Secure doors were 'first line of defense' at Uvalde school

The Uvalde massacre began after the 18-year-old gunman entered the school through a door that could only be locked from the outside and then got inside a classroom that had a busted lock

Via AP news wire
Wednesday 22 June 2022 01:18 BST

The Uvalde massacre began after the 18-year-old gunman entered the school through a door that could only be locked from the outside and then got inside a classroom that had a busted lock, experts testified Tuesday.

Securing doors has long been a focus of school safety drills, and the inability to do so during the May 24 attack that left 19 children and two teachers dead runs counter to best practices, experts said.

When doors are not secure, “your first step, your first line of defense has now been eliminated, has been taken away from you really," said Ken Trump, the president of the National School Safety and Security Services.

Questions about how the shooter entered Robb Elementary and what happened at multiple doors have been a big part of the changing information about the attack.


State police initially said the gunman entered the school through an exterior door that had been propped open by a teacher.

Days later, state police retracted that statement to make it clear that the teacher closed the door. But somehow it didn't lock.

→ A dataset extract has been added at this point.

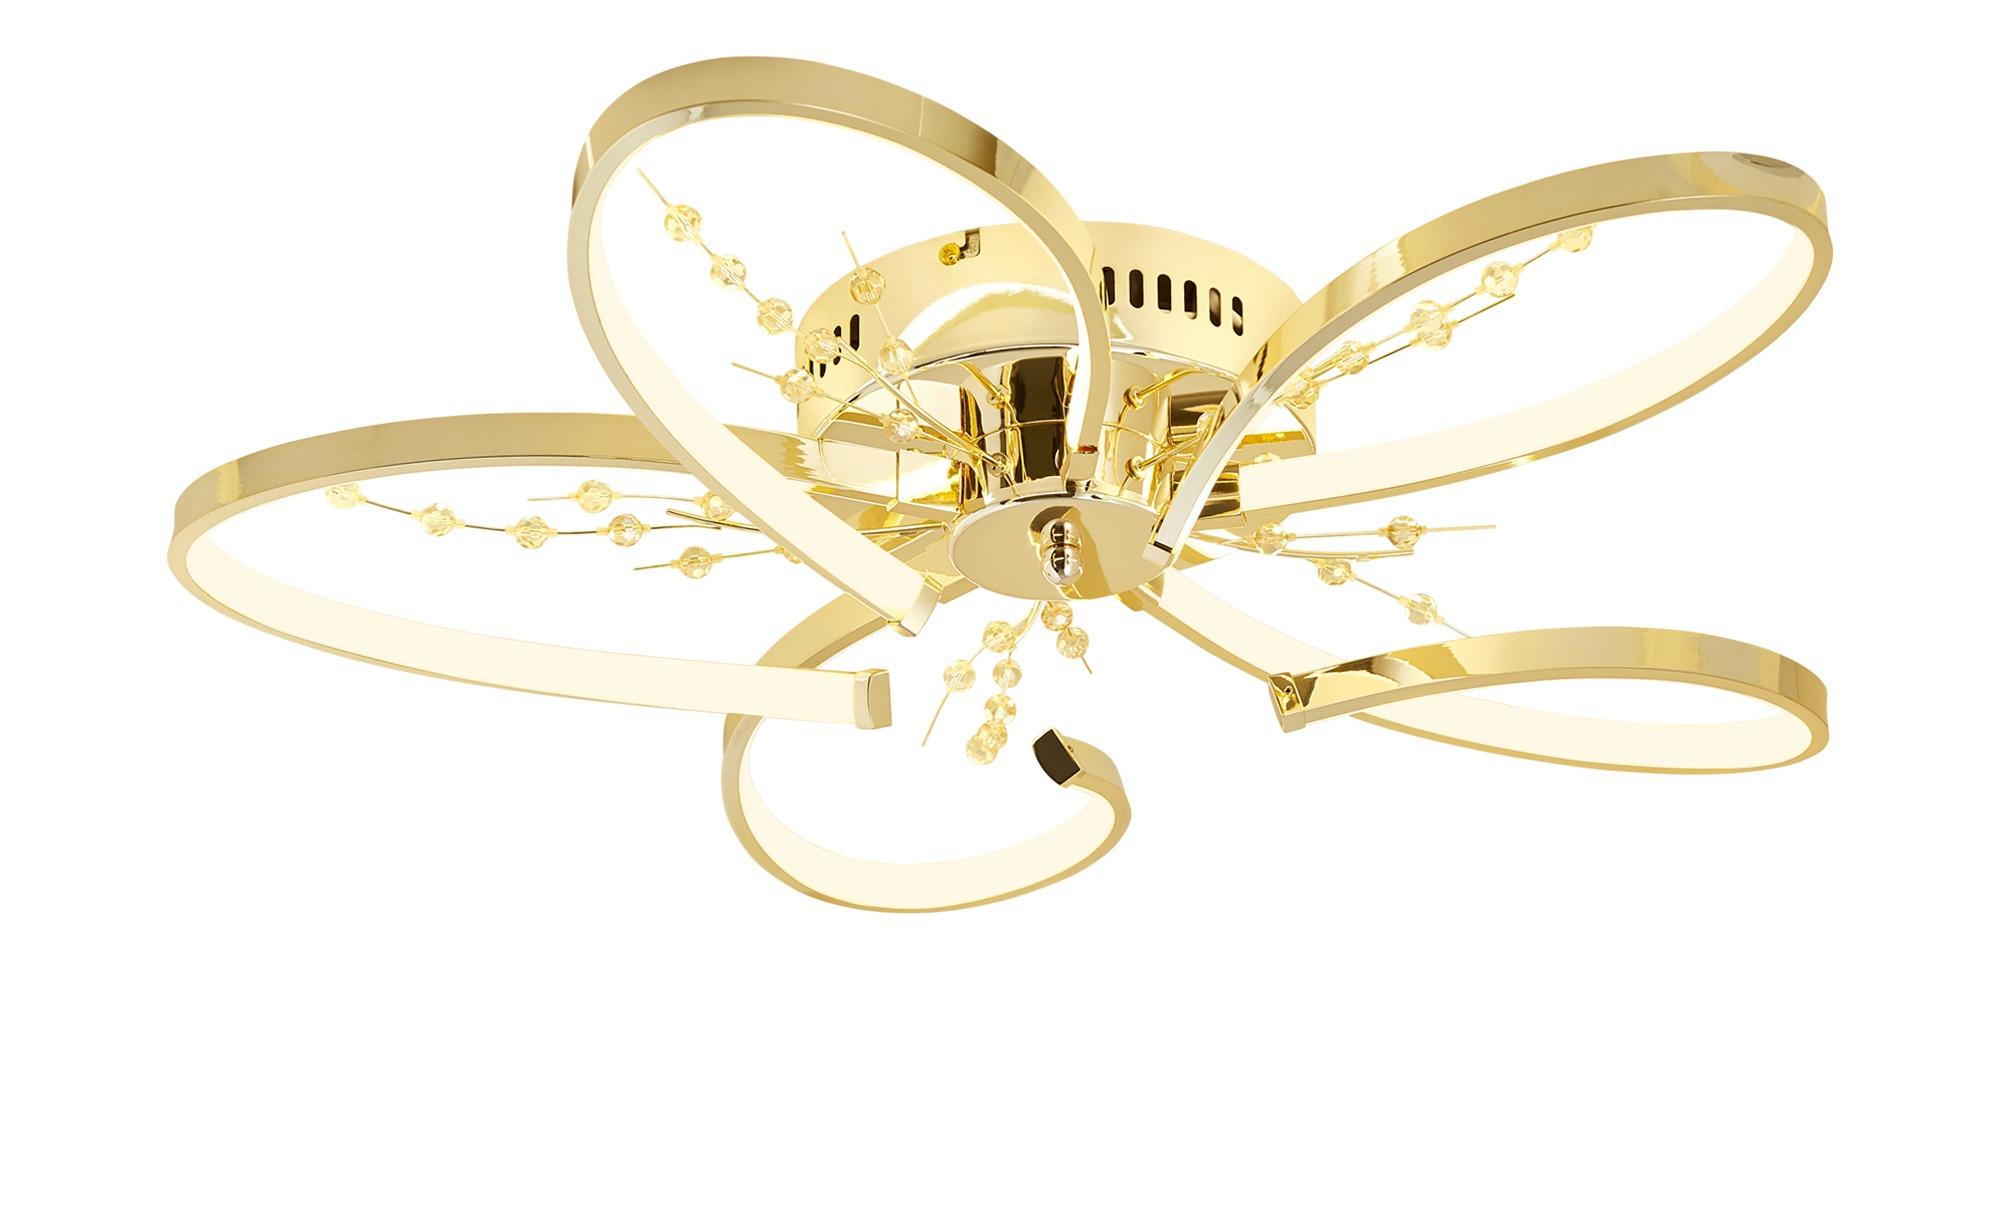 KHG LED-Deckenleuchte, 5-flammig, goldfarben ¦ gold ¦ Maße (cm): H: 12 Ø: [61.0] Lampen & Leuchten > Innenleuchten > Deckenleuchten - Höffner

Nearly a month after the rampage, Col. Steve McCraw, director of the Texas Department of Public Safety, further amended what his agency's investigation shows: The teacher did close the door, but unbeknownst to her, it could be locked only from the outside.

The gunman “walked straight through,” McCraw said Tuesday in blistering testimony at a state Senate hearing in Austin.

Ronald Stephens, executive director of the National School Safety Center, said he was “astonished" that the exterior door could only be locked from the outside.

“I’m trying to think if I’ve even ever seen that. It’s so rare that that would be the case. Why wouldn’t there be an opportunity to lock it from the inside?"

He likened it to a house that could only be locked from the outside.

“Shouldn’t the security of the school be as safe as the security of your home?" he asked. “To only be able to lock from the outside is just totally unacceptable in my view."

Experts did not explain during the hearing why the school’s exterior door locked from outside. Robb Elementary is an older building, constructed in 1955.


Once inside the school, the shooter then entered a classroom with a door could not be locked from the inside by design, according to McCraw, who also said a teacher reported before the shooting that the lock was broken.

The fact that it wasn't working was a maintenance issue, Stephens and Trump said.

“That’s about how you manage and maintain school property in a responsible way," Stephens said.

McCraw also disclosed Tuesday that despite the fact that the door was unlocked, there is no indication officers tried to open it during the standoff. He said police instead waited around for a key.

Stephens said the way the situation played out spoke to the broader need of having a crisis plan in place.

“To me, there’s there’s just a whole cascade of apparent failures that took place in this particular situation," he said. “It's a wake-up call to everyone across America."


At Sandy Hook Elementary School, the doors of the two classrooms where all 20 children were killed in the 2012 massacre, along with their teachers, could only be locked from the hallway with a key.

Some victims’ families have said lives could have been saved if teachers were able to lock classroom doors from the inside, and they questioned whether two teachers who were killed in the shooting, Victoria Soto and Lauren Rousseau, even had access to keys.

Another teacher who could not get a classroom door locked told investigators that she looked into the hallways, saw a janitor who yelled at the gunman to leave and motioned to the janitor to lock her door.

Sandy Hook Elementary was also built in 1955.


State and federal panels charged with reviewing individual mass shootings have repeatedly advised schools to limit access by locking exterior doors, as well as forcing visitors to enter through a secure door and requiring teachers to lock classrooms while classes are in session.

Teachers and students drill for how to respond.

“Lock the door, turn off the light. Get the kids and staff into a hard corner, meaning not in the direct line of sight of the window where somebody can shoot through, and be quiet," Trump said.

He said those actions can “absolutely" save lives.

Exterior doors "keep the threat out of the building. Your next layer inside are your locked doors to your classrooms, officers and work areas. All of these layers are intended to buy time,” he said.

He said shooters' adrenaline is going and they know that — in most cases — their time is limited.

“They’re not going to spend a ton of time trying to get in a locked door where they may or may not know if somebody’s inside, if the kids are quiet and out of sight. They’re going to continue to move on to where they have a more accessible target.”